With so many foreigners, and the locals fairly well off as a result, they managed to support three decent restaurants in this tiny hamlet. Two served local Spanish food (although they kept asking us if we wanted chips with everything we ordered, even paella), and one a pizza restaurant (great pizzas) owned by a transplanted Scotsman.
Click here for a Slide Show of the Village of Fornalutx Click here for a slide show of the beautiful village of Fornalutx.



Our House

Our House
Our House
The house we rented belongs to some ex-pats -- Aussies, we thought. It was called "Casa Tim y Gully," presumably their names. They had done a fabulous job of renovating the place. It had a traditional yet very comfortable feeling to it. One thing they did was to add a lovely roof deck on the top, as well as an artist's studio just below that. It was quite spacious for the four of us, with three bedrooms, two bathrooms (one palatial, one with an excellent shower), a reasonable kitchen and a sitting room with a wood stove. It was situated on the main road into the town center, but traffic noise was not really a problem. We thoroughly enjoyed our stay at Casa Tim y Gully. For a vacation in warmer months, one might appreciate a house with a yard and a swimming pool (which are also available), but for November, this place was cozy and perfect.
Click here for a Slide Show of the Our House Click here for a slide show of Our House.

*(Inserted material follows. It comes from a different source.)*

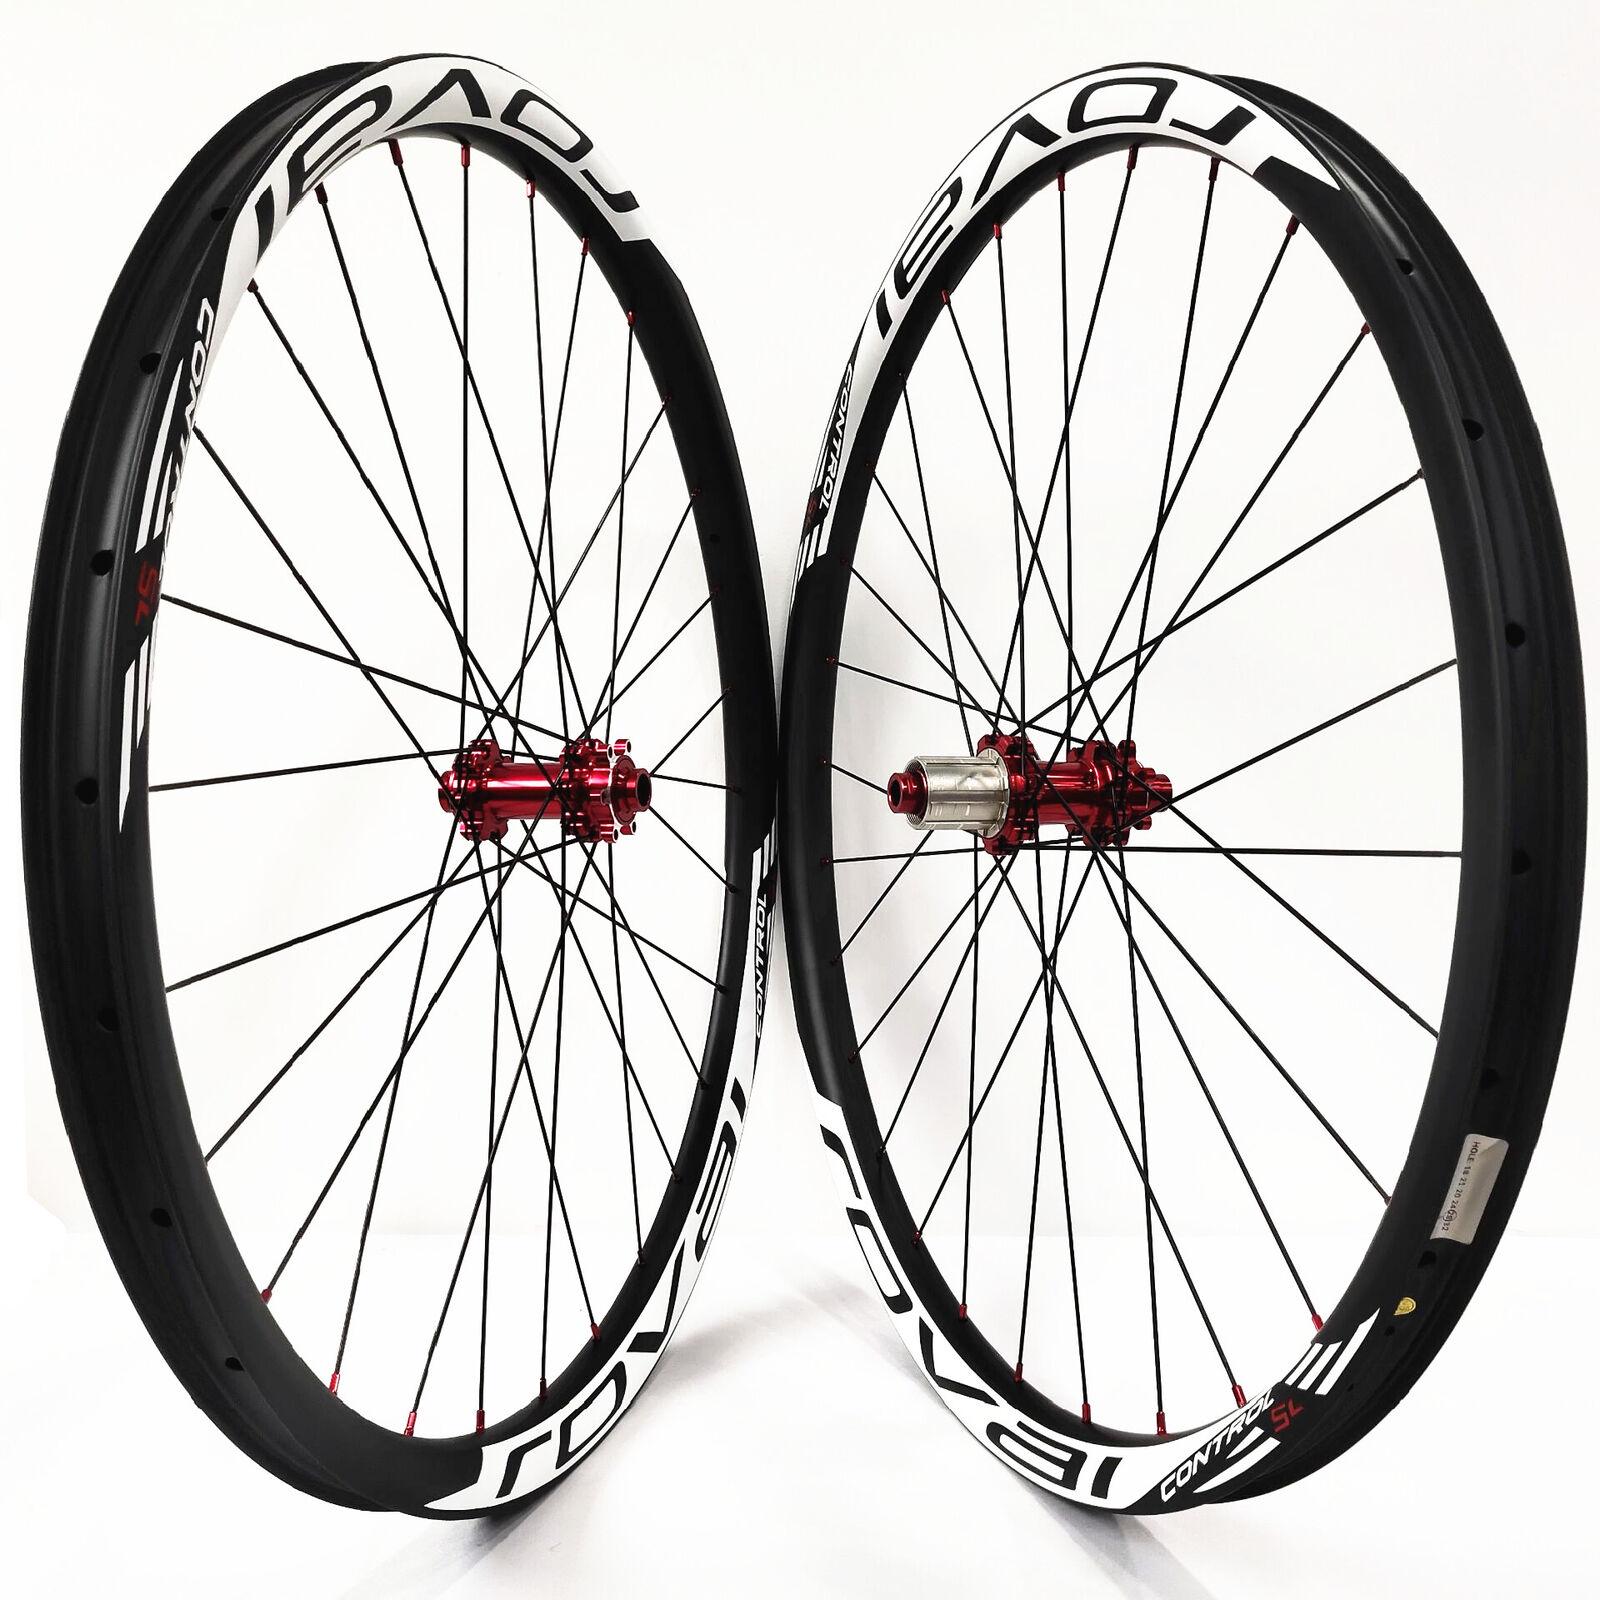 29er MTB carbon Fiber wheels Asymmetrical 33mm mountain bike wheelset M42 hub

Port de Soller and Vicinity

Soller and Port de Soller were the two big towns nearest to Fornalutx. Soller was an attractive place with impossibly narrow (two-way) winding tree-lined streets and lots of character. Mostly we went there to go to the supermarket and to park the car. There was a bit of a parking problem in Fornalutx. Basically, you couldn't leave your car anywhere in the village during the day without risking getting it towed away. This generally wasn't a problem for us since we took it somewhere else every day to the start of a walk.

Port de Soller
Port de Soller
Port de Soller, its sister town, is a sizable beach resort a few kilometers away. It has a particularly lovely location on a large horseshoe-shaped bay, fringed with palm trees, with forested mountains as a backdrop. There was even a classic lighthouse overlooking everything. The whole place was very picturesque. And decidedly sleepy, it being very much the off-season in November. It would clearly be unpleasantly crowded in summer, although it is more of a family resort than the wild scene found around Palma. Still, the waterfront had a nice atmosphere, and it made for a pleasant place to stop for a beer after several of our walks.

Looking across to the lighthouse
Looking across to the lighthouse
There was also a tram that went directly from Port de Soller back to Soller; it ran right along the edge of the bay in the port, where there was a long strip of restaurants and cafes. This was very convenient for us since we often made use of the free car park in Soller during the day, and we would stop here for a beer before making our way back to the car. Interestingly, the trams were old San Francisco streetcars recycled into use here on Mallorca.

On the coast
On the coast
Our first full day we took a short warm-up walk which started in the Port de Soller. We climbed up the hillside and then down to the sea, to view the rocky shoreline and the bright blue water. It was extremely windy that day, and the water crashed picturesquely onto the rocks along the shoreline. After some time at the water's edge, we climbed back up to see the Torre Picardo, from which there were beautiful views across to the surrounding mountains.